I’ve decided I need help with math. But, I’ll get to that in a minute. Last night was supposed to be a nice and easy 5.5 miler. Normally, the run after the Long is slower than normal. Not “You Light Up My Life” slow but more like “Cotton Alley” slow. If you don’t know those songs, look ’em up! But anyway, I need those kinds of runs so that I can forget where I am and just be. If that makes sense. I have a relationship with New Guinea that allows me to forget I’m snow-locked in a basement, running on a Livestong treadmill. I can close my eyes and just…go. It’s blissful to get lost in the run. Last night was the exception. Lottery ping pong balls of thoughts were bouncing all through my head. I couldn’t shut down the chaos and I couldn’t relax if I tried. If it wasn’t family, it was work. If it wasn’t work, it was health. The aunt is still in ICU. The other is a week into rehab. The mother bailed so the daughter is stuck making excuses. The blame game is well underway. The budget is finished…only the process has now changed. The DOE still looms. Two days and counting. I meet with a genetic therapist at the end of the month to talk results.
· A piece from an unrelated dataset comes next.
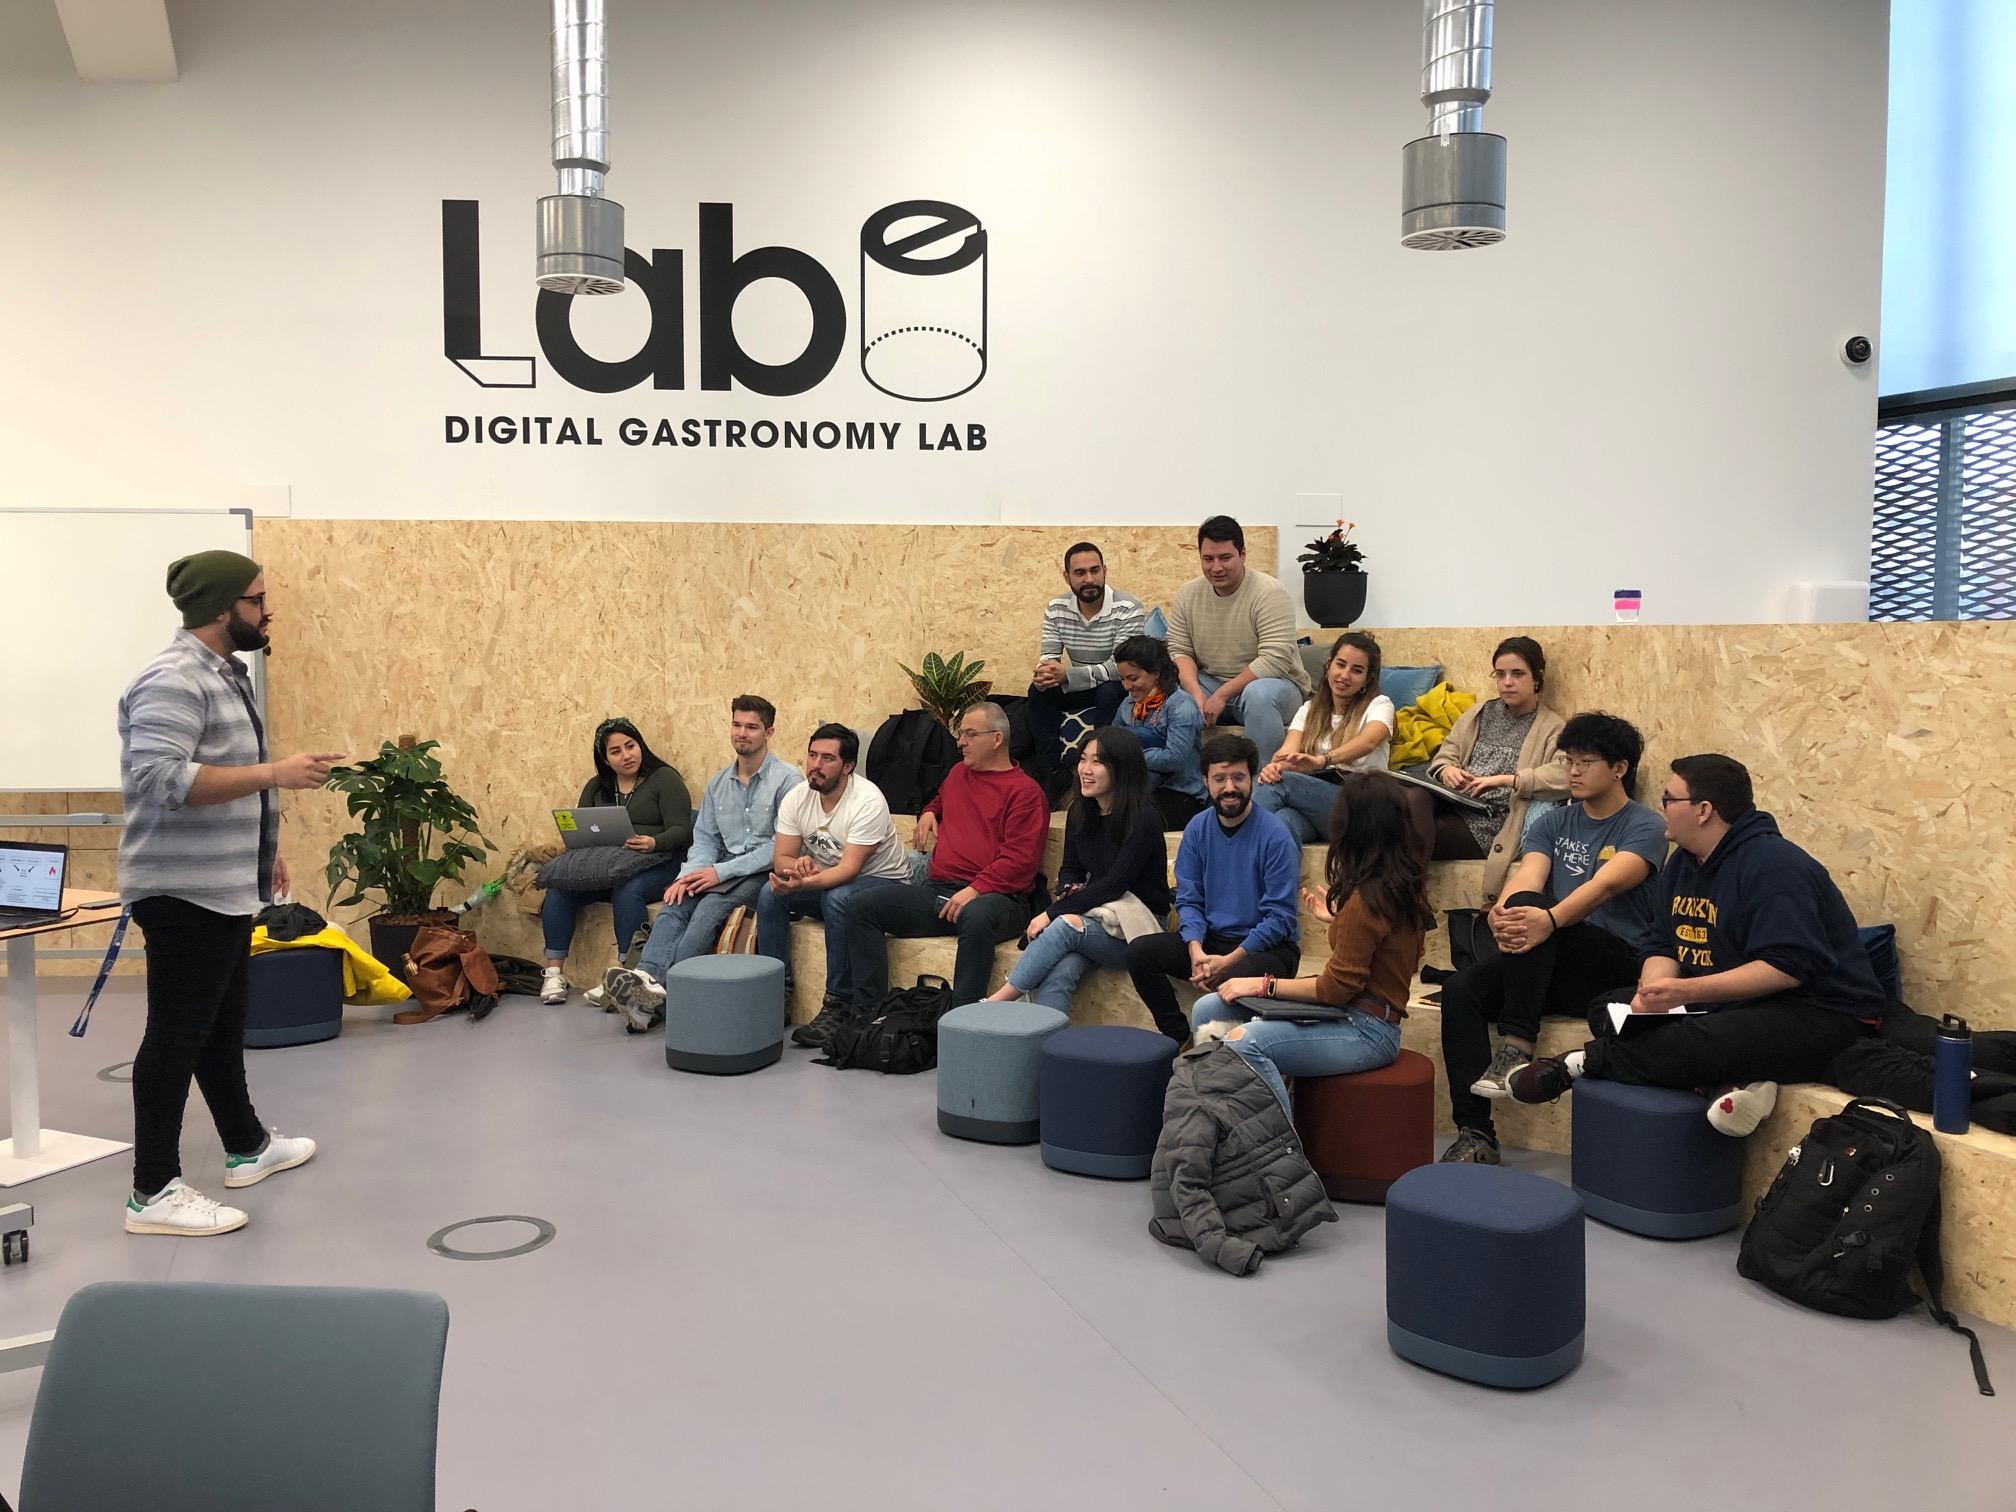 LABe Digital Gastronomy Lab, San Sebastian
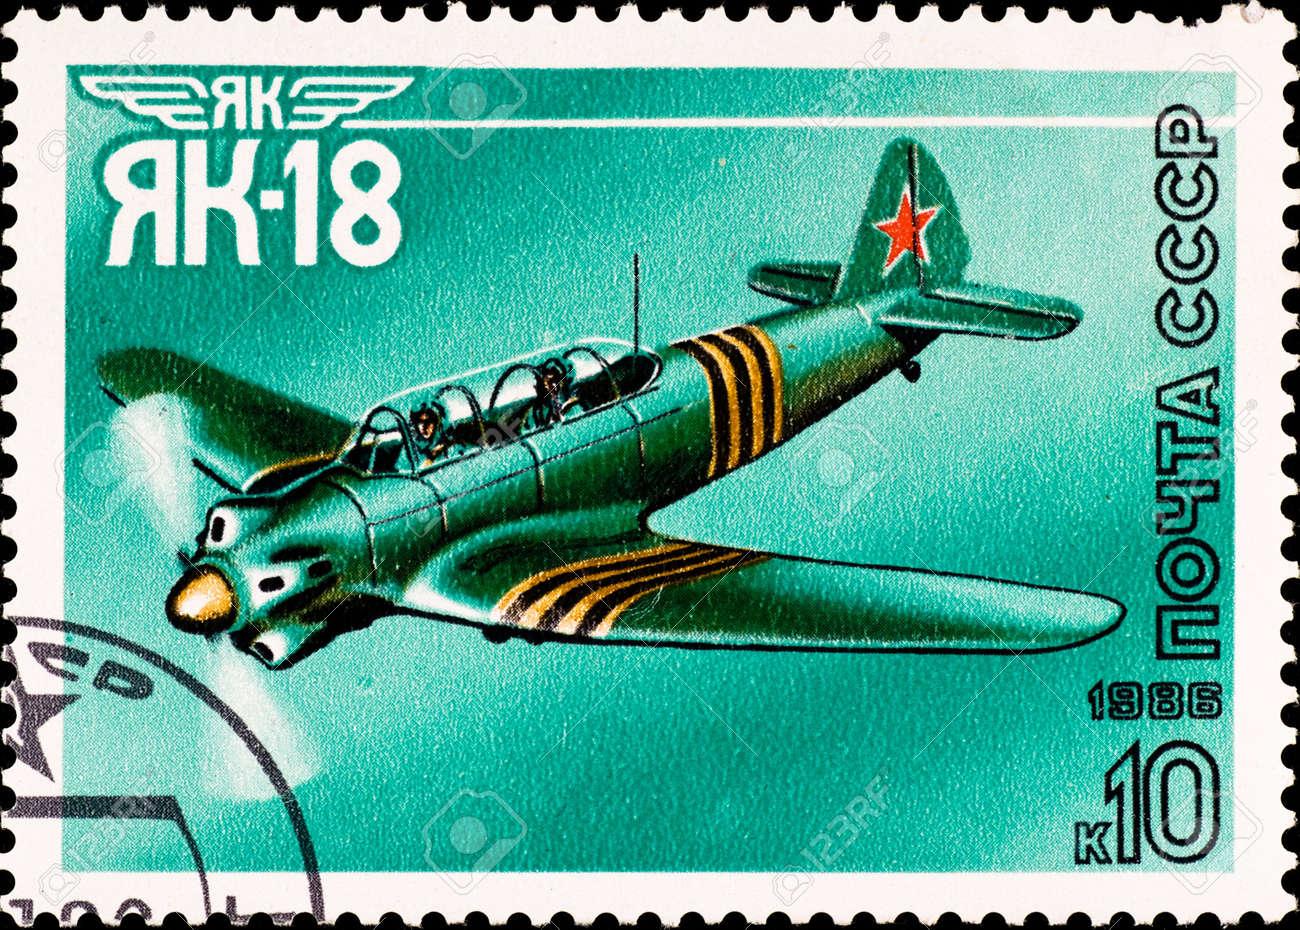 USSR - CIRCA 1986: postage stamp shows vintage rare plane

So many bubbles of thought. I went to New Guinea thinking I could lose myself in 5.5 miles and for an hour have a “blank space where my mind should be” as Trey says. Only, I didn’t program the Dread for 60 minutes. Somehow I asked for 56 minutes. Somehow I miscalculated my pace. So much for
easy lazy. But! But. But, here’s the kicker. I didn’t notice my mistake until I had been running for a while. In order to finish with a distance of 5.5 I needed to haul azz – like 7.5 min miles for the rest of the time. For frame of reference, I bet my short legs take three strides just to keep up with every one of yours. 7.5 minute miles a shore, but I did it. 5.56 done.
In the end I didn’t get a chance to work out the logistics of a troubled mind, but I did find a new song to add to the rotation: “Joy” by Lucinda Williams.